I've seen a few posts like this on a GM truck board. I would try a new BCM fuse first. Or inspect the contacts on the BCM fuse to see if they are blackened or have any corrosion.


----------



## alex67000 (Mar 19, 2017)

ok thanks guys for youre Council...i do it


----------



## diesel (Jun 8, 2013)

Good luck and please keep us posted!


----------



## alex67000 (Mar 19, 2017)

diesel said:


> Good luck and please keep us posted!


thanks Diesel  
today new problem the diesel gauge is dancing, she go up and down when i turn, and the heat glow plug light go on 2 second...


----------



## diesel (Jun 8, 2013)

alex67000 said:


> thanks Diesel
> today new problem the diesel gauge is dancing, she go up and down when i turn, and the heat glow plug light go on 2 second...
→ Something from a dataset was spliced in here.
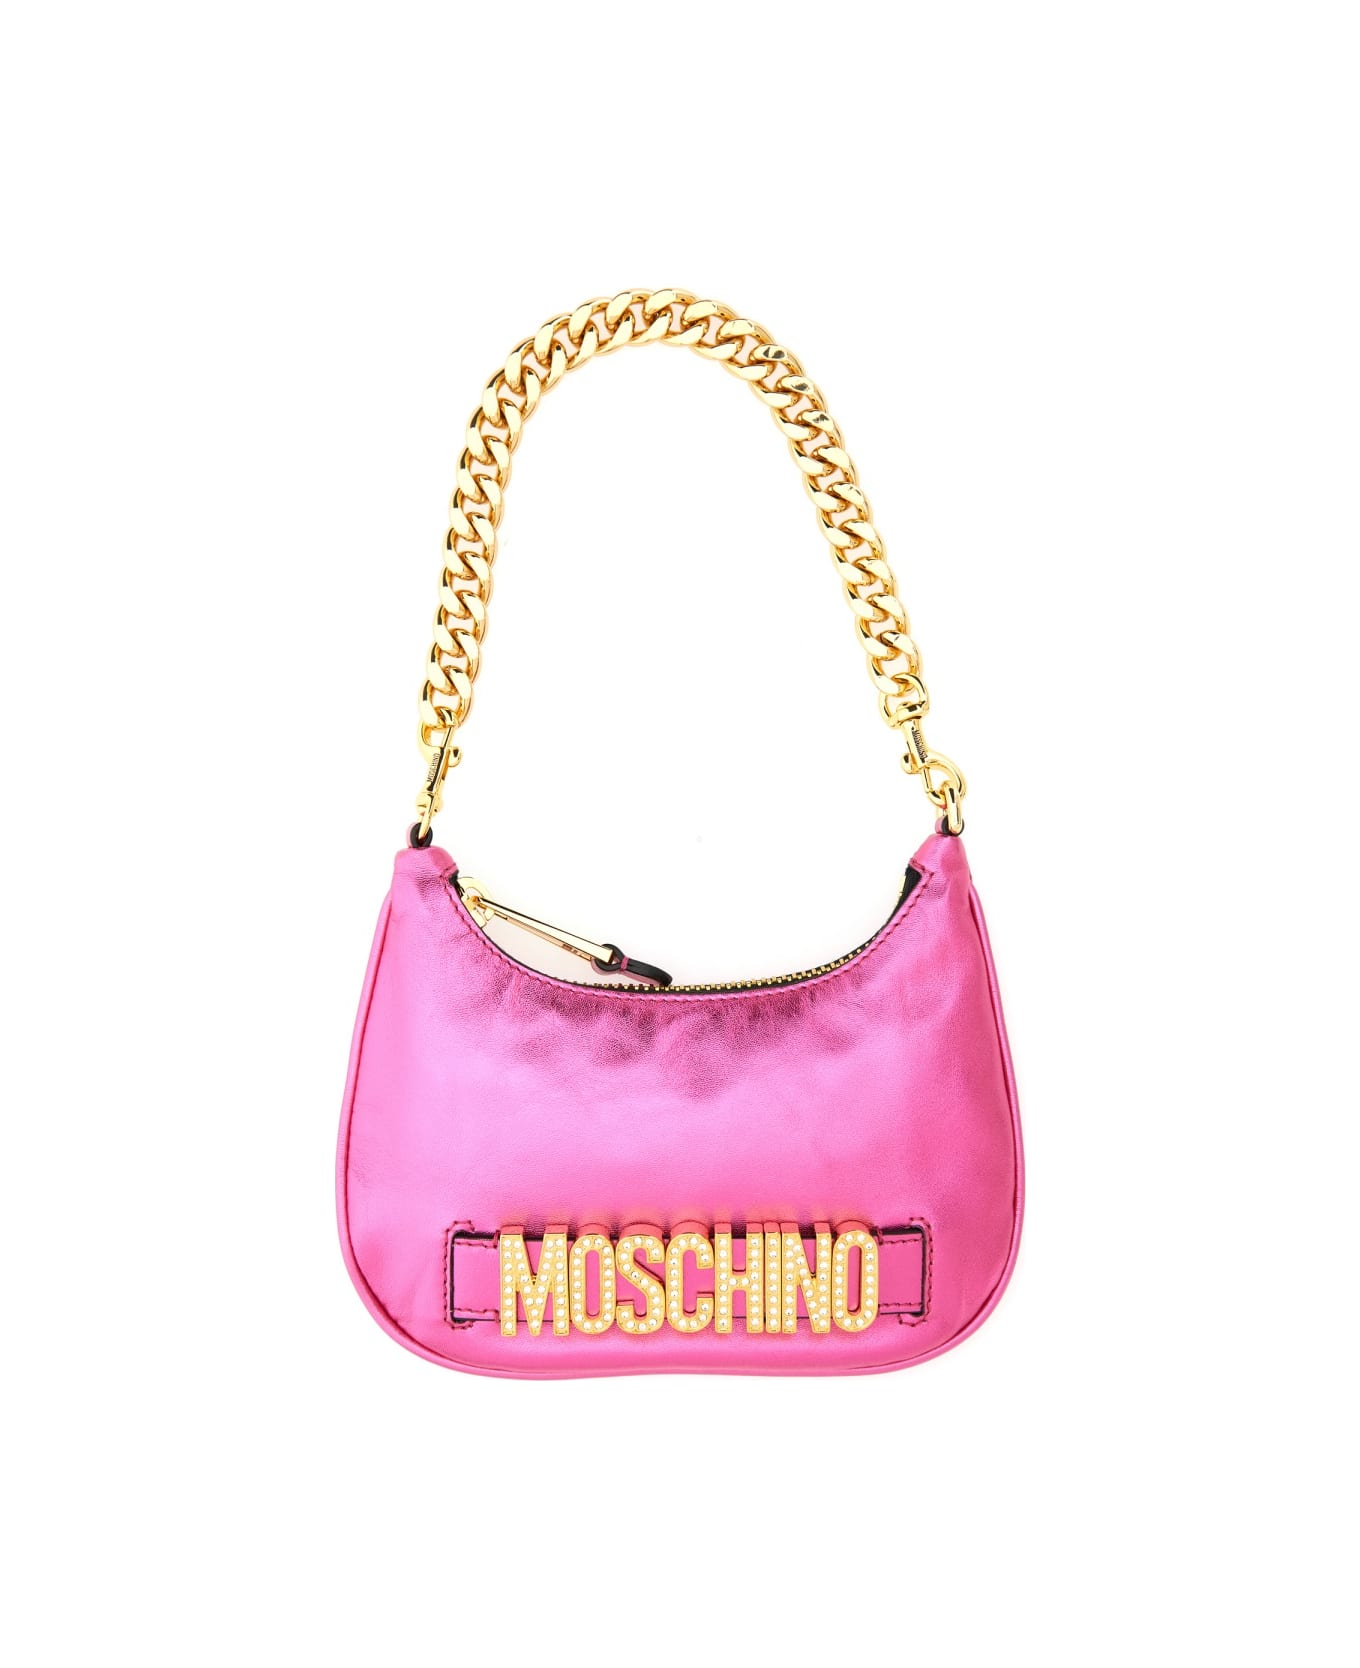 Moschino Bag With Lettering Logo - PINK

Definitely sounds like voltages are not in proper range overall. Just as a side note, when my battery was going bad, my transmission did not want to shift out of first gear, so voltage issues can manifest in many ways.


----------



## EricSmit (Dec 21, 2016)

Bienvenue à CruzeTalk! Je recommande vraiment de faire tester votre batterie. Les voitures font des choses bizarres quand la batterie est en train de mourir.


----------



## alex67000 (Mar 19, 2017)

hi, thanks for all youre answer, today i drive my car to a garage i wait what he say, i come back when i have news...


----------



## alex67000 (Mar 19, 2017)

EricSmit said:


> Bienvenue à CruzeTalk! Je recommande vraiment de faire tester votre batterie. Les voitures font des choses bizarres quand la batterie est en train de mourir.


Merci pour votre réponse, aujourdhui j'ai été chez mon garagiste et je lui ai laissé la voiture donc j'attend son verdict, je reviens dès que j'ai des nouvelles...


----------



## EricSmit (Dec 21, 2016)

alex67000 said:


> Merci pour votre réponse, aujourdhui j'ai été chez mon garagiste et je lui ai laissé la voiture donc j'attend son verdict, je reviens dès que j'ai des nouvelles...


J'espère que c'est quelque chose qui est facile à réparer! tenez-nous au courant.


----------



## Cruzen Vegas (Aug 27, 2015)

Sock LE Blue!!!!!!!!!!!


----------



## alex67000 (Mar 19, 2017)

hi guys, so i recept my car from the dealer, big big surprise for my problem, the dealer change a sensor captor from diesel rail pressure and all is ok the car run fine, i ask to the dealer how just a sensor cam do so much problem??? it is incredible, he say the sensor do short circuit in all the the car, i paid 150$, so thank you for youre help...


Salut aux francophone, bon j'ai recuperé mon vehicule, alors mon garagiste ma changé la sonde de rampe diesel et la voiture marche nickel, alors je lui ai 
demandé comment une sonde peut faire autant de problèmes, il ma dit que la sonde provoquait des erreurs dans,le calculateur, jai payé 150$ pour la reparation, bref tout va,bien je remercie les membres du forum pour leurs aide, merci...


----------



## diesel (Jun 8, 2013)

alex67000 said:


> hi guys, so i recept my car from the dealer, big big surprise for my problem, the dealer change a sensor captor from diesel rail pressure and all is ok the car run fine, i ask to the dealer how just a sensor cam do so much problem??? it is incredible, he say the sensor do short circuit in all the the car, i paid 150$, so thank you for youre help...
> 
> 
> Salut aux francophone, bon j'ai recuperé mon vehicule, alors mon garagiste ma changé la sonde de rampe diesel et la voiture marche nickel, alors je lui ai
> demandé comment une sonde peut faire autant de problèmes, il ma dit que la sonde provoquait des erreurs dans,le calculateur, jai payé 150$ pour la reparation, bref tout va,bien je remercie les membres du forum pour leurs aide, merci...



Thanks for the update! Glad to hear it was relatively minor and all is well.


----------